Закончив уляпывать нас молоком, баба берет курицу за связанные ноги, и я замечаю, что глаза у курицы светятся, словно фары, ярким оранжевым светом; этого света хватает, чтоб довольно ярко осветить перемешанную со щепками грязь у подножия колоды.
В колоду вбиты два гвоздя. Продев между ними курицыну шею, баба вытягивает курицу и ловко отрубает ей голову, тут же перехватывая за грудь и направляя кровь в миску с зерном. Слив кровь, баба нацеживает немного в ладонь и выпускает тушку, и я понимаю, что сейчас она проделает то же самое, что и с молоком. Бросаю быстрый взгляд на Тахави – тот сидит, подобно «настоящему индейцу», которому «завсегда везде ништяк», настолько исполнена покоем и безразличием к происходящему его фигура.
Мне становится немного стыдно, что я так дергаюсь по мелочам, и поэтому довольно спокойно переношу процедуру вымазывания кровью джинсов и низа куртки.

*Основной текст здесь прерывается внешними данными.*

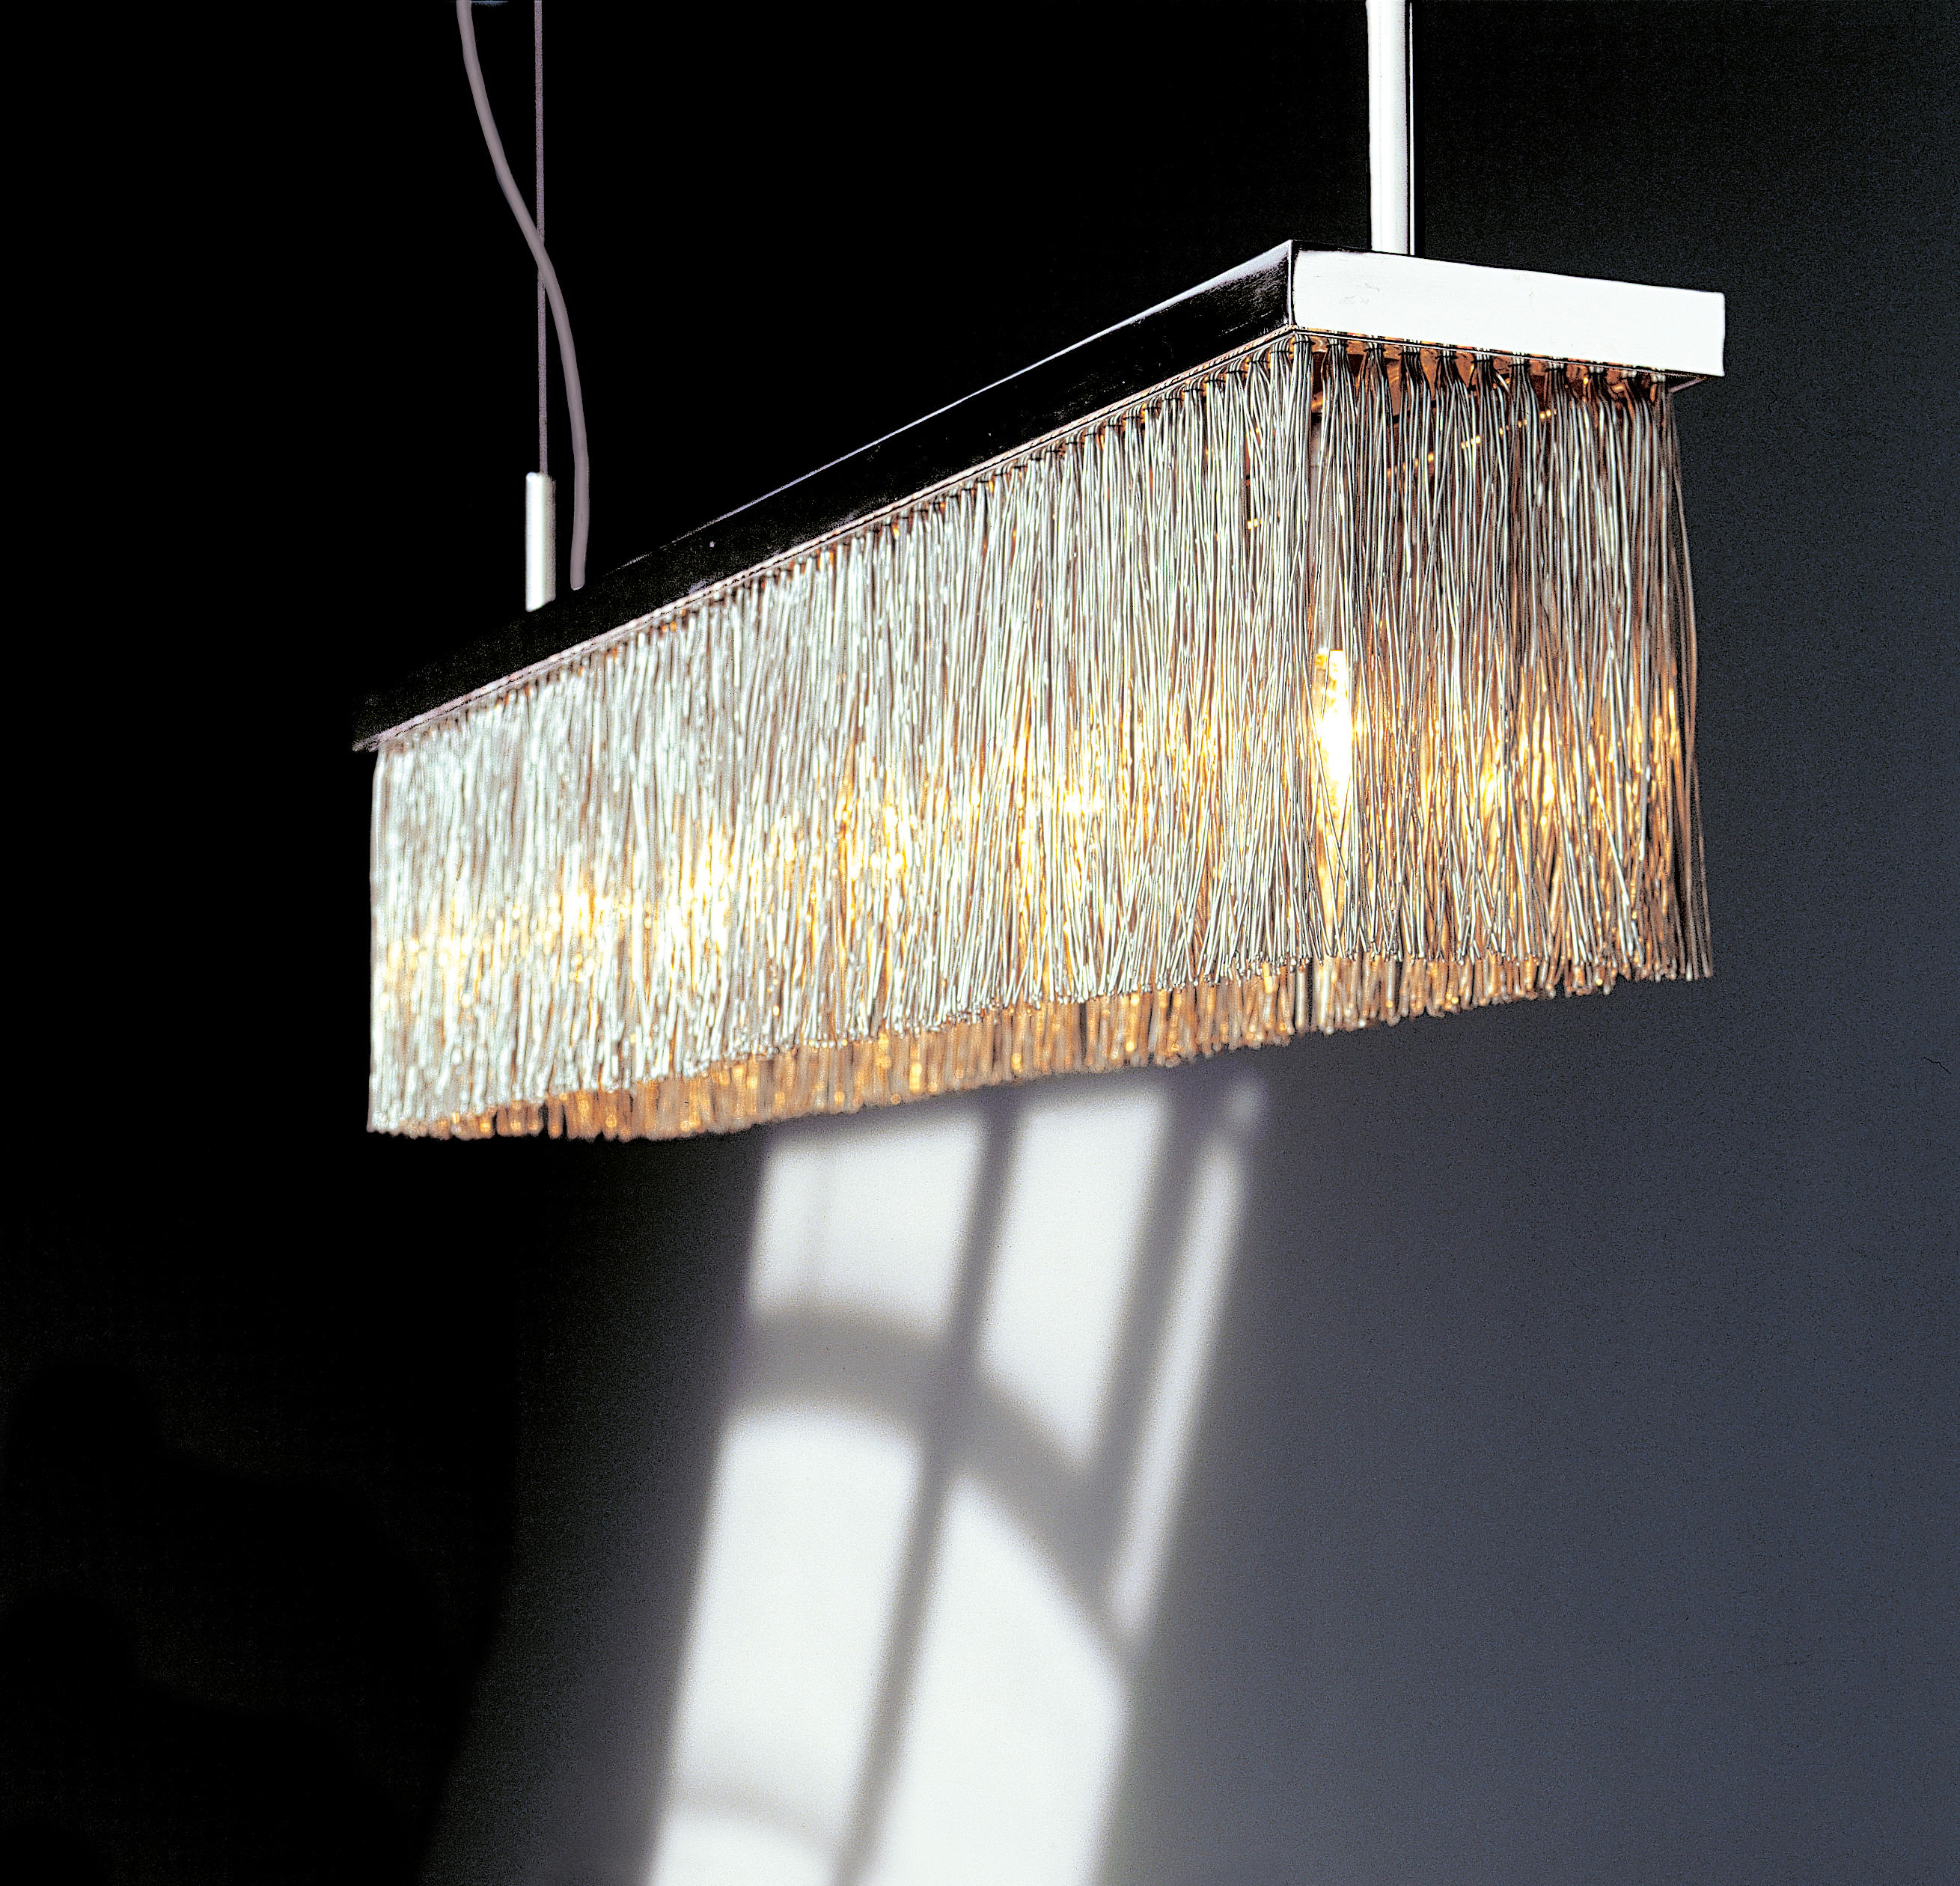 Broom Hanging Lamp Suspended Lights From Brand Van

Закончив с пачканьем нашей одежды, баба переносит миску с плавающим в крови зерном на колоду и куда-то уходит. Отсутствует она довольно долго; впрочем, не исключаю, что мне просто показалось. Возвратившись, баба достает что-то из-за пазухи, и я в каком-то бездумном любопытстве встаю и немного обхожу ее, чтобы увидеть, что она там возится – баба стоит к нам спиной.
Она едва не умирает от страха – я нисколько не сомневаюсь в трактовке того, что увидел в ее вылезающих от ужаса глазах. Поняв, что делаю что-то не то, я поспешно возвращаюсь на место, удостоившись по дороге ничего не выражающего взгляда Тахави. Баба стоит как стояла, замерев и тяжело, как усталая лошадь, подымая и опуская бока. Она сильно напугана, но берет себя в руки и продолжает копошиться: рвет на части темно-красную тряпку, за которой ходила в дом. Всего-то навсего, а я чуть не устроил ей инфаркт, пытаясь посмотреть, чем же она там занята.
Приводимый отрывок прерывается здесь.